Гена: Неужели же это и была Республика Поэзия? Стоило тогда так в нее стремиться!

А.А.: Нет, это была не Республика Поэзия. Это была совсем другая область.

Гена. И как же она называется?

А.А.: А вот подумай, как нам с тобой лучше всего ее назвать.

Гена: Ладно, подумаю. Только, чур, вы тоже придумайте свое название! А мы уж потом вместе выберем самое лучшее.

А.А.: Договорились!

Путешествие семнадцатое. Провинция Эпигония

Архип Архипович и Гена у пульта. Видно, что Гене не терпится поскорее отправиться в очередное путешествие. Профессор его останавливает.

А.А.: Погоди, погоди! Не спеши! Ты ведь в прошлый раз взялся придумать название для той области Страны Литературии, в которой мы с тобой оказались. Неужели забыл?

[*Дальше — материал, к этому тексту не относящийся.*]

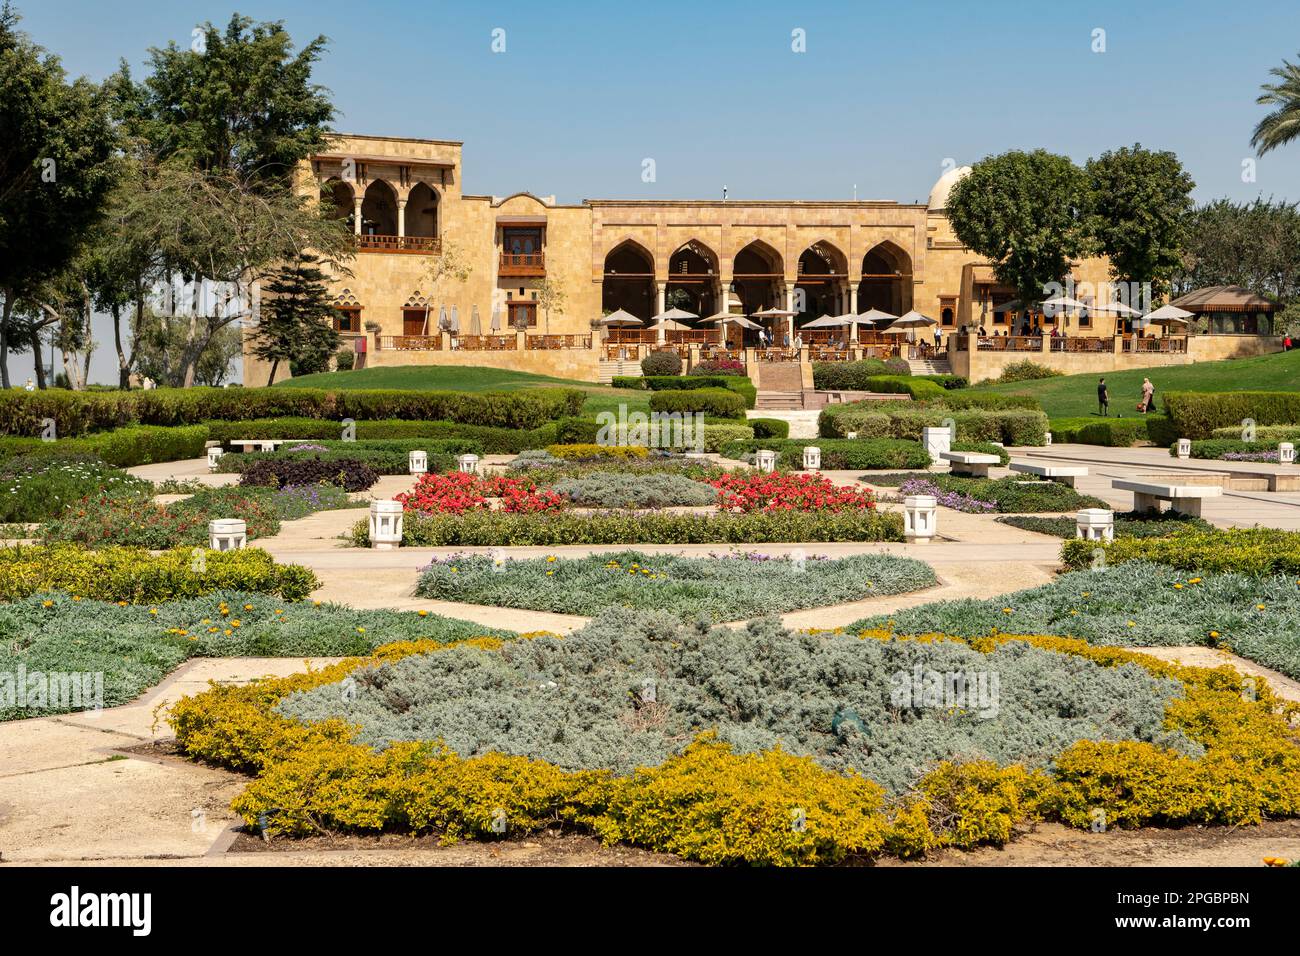 Jardins dans le parc Al Azhar, le Caire, Egypte Banque D'Images
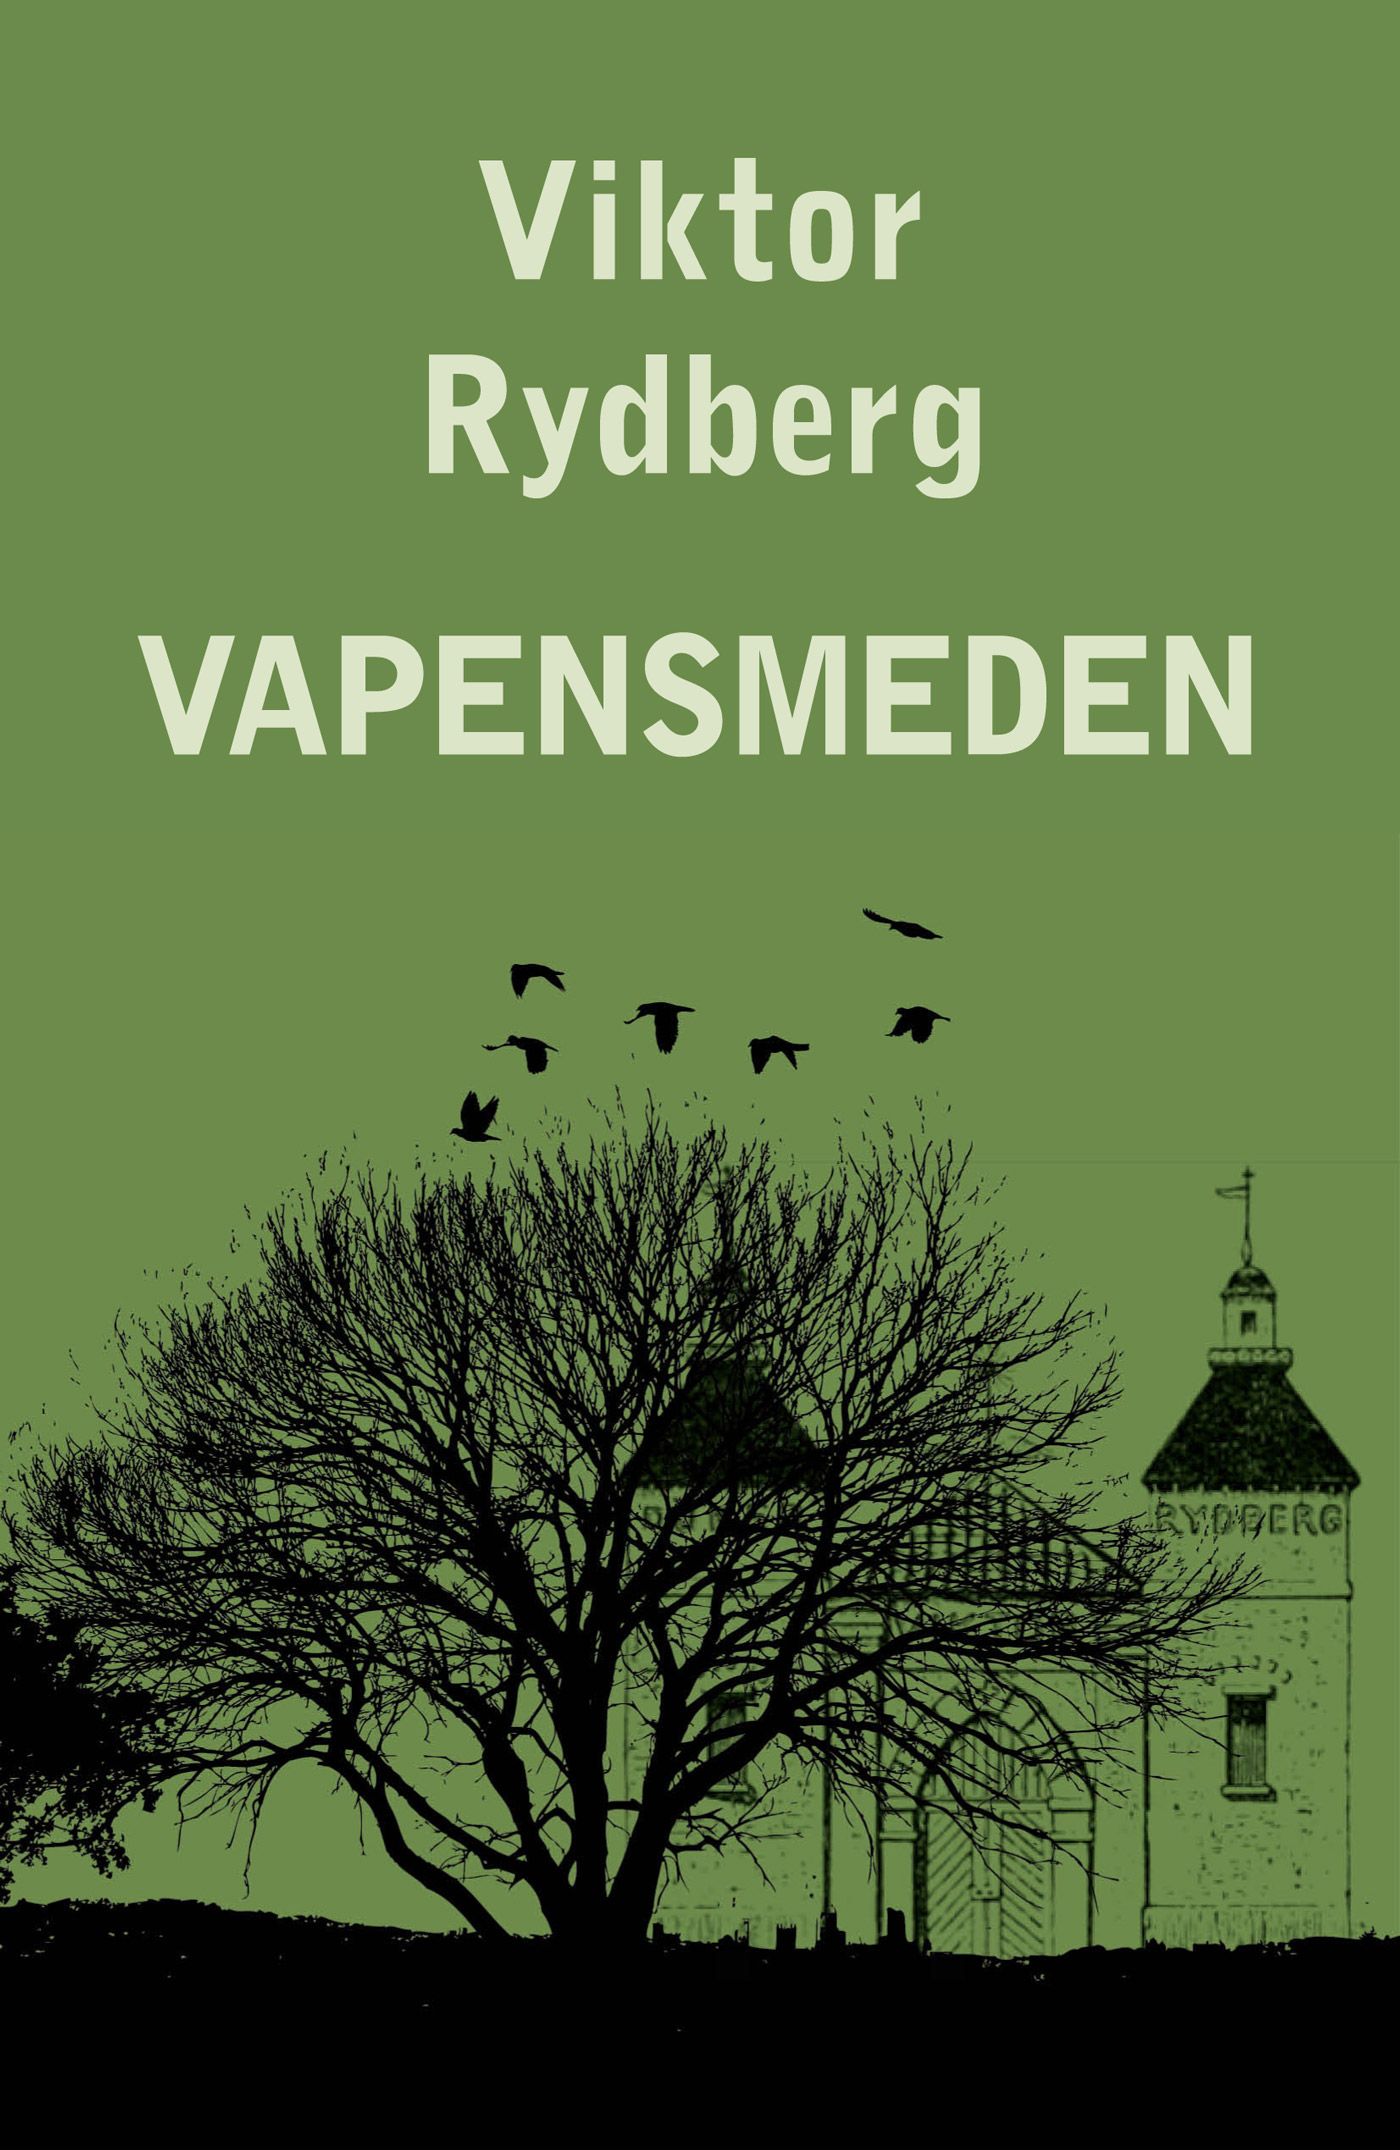 Vapensmeden, e-bok av Viktor Rydberg

Гена: Ничего я не забыл! Придумал я вам название, и даже не одно, а целых два!

А.А.: Какое совпадение! Как нарочно, я тоже придумал два. Таким образом, у нас с тобой есть на выбор четыре варианта. Ну давай, говори свои!

Гена: Можно назвать эту область Стихоплетия. Или Рифмоплетия. Как вам больше нравится, мне все равно.

А.А.: Недурно! Совсем недурно! Во всяком случае, по мысли совершенно правильно.

Гена: А вы как хотели?

А.А.: Я – то считал, что мы с тобой побывали в Графомании. И поэтому у меня сперва возникла мысль присвоить этой области наименование: Графство Графоманское.

Гена: Звучит красиво. Только… не очень понятно.

А.А.: Что ж тут непонятного? Неужто-ты никогда не слыхал такого слова: "графоман"?

Гена: Слыхать-то слыхал! Только, честно говоря, я не очень ясно представляю себе, что это значит.

А.А.: Ну как же! Графоманом называется человек, который одержим манией сочинительства, но при этом начисто лишен литературного таланта.

Гена: А-а, теперь понятно… Нет, знаете, это все-таки сложновато. А второе ваше предложение какое?

А.А.: Второе, мне кажется, точнее: Эпигония…

Гена: Как?

А.А.: Эпигония. От слова "эпигон".

Гена: (туманно). А-а…

А.А.: Я вижу, ты весьма смутно представляешь себе значение этого слова. Эпигон – это значит подражатель. Эпигоном в искусстве называется человек, который неспособен творить самостоятельно, а создает лишь бледные, бессильные копии того, что уже было сделано его талантливыми предшественниками… Итак, на каком же названии мы с тобой остановимся? Как назовем ту область Страны Литературии, в которой процветают Никифор Ляпис, Олег Баян, Козьма Прутков и из которой были изгнаны стихи Маяковского? Ну, решай!

Гена: Честно говоря, Архип Архипыч, мне ни одно из этих названий по-настоящему не нравится. Да и те, что я придумал, тоже как-то разонравились.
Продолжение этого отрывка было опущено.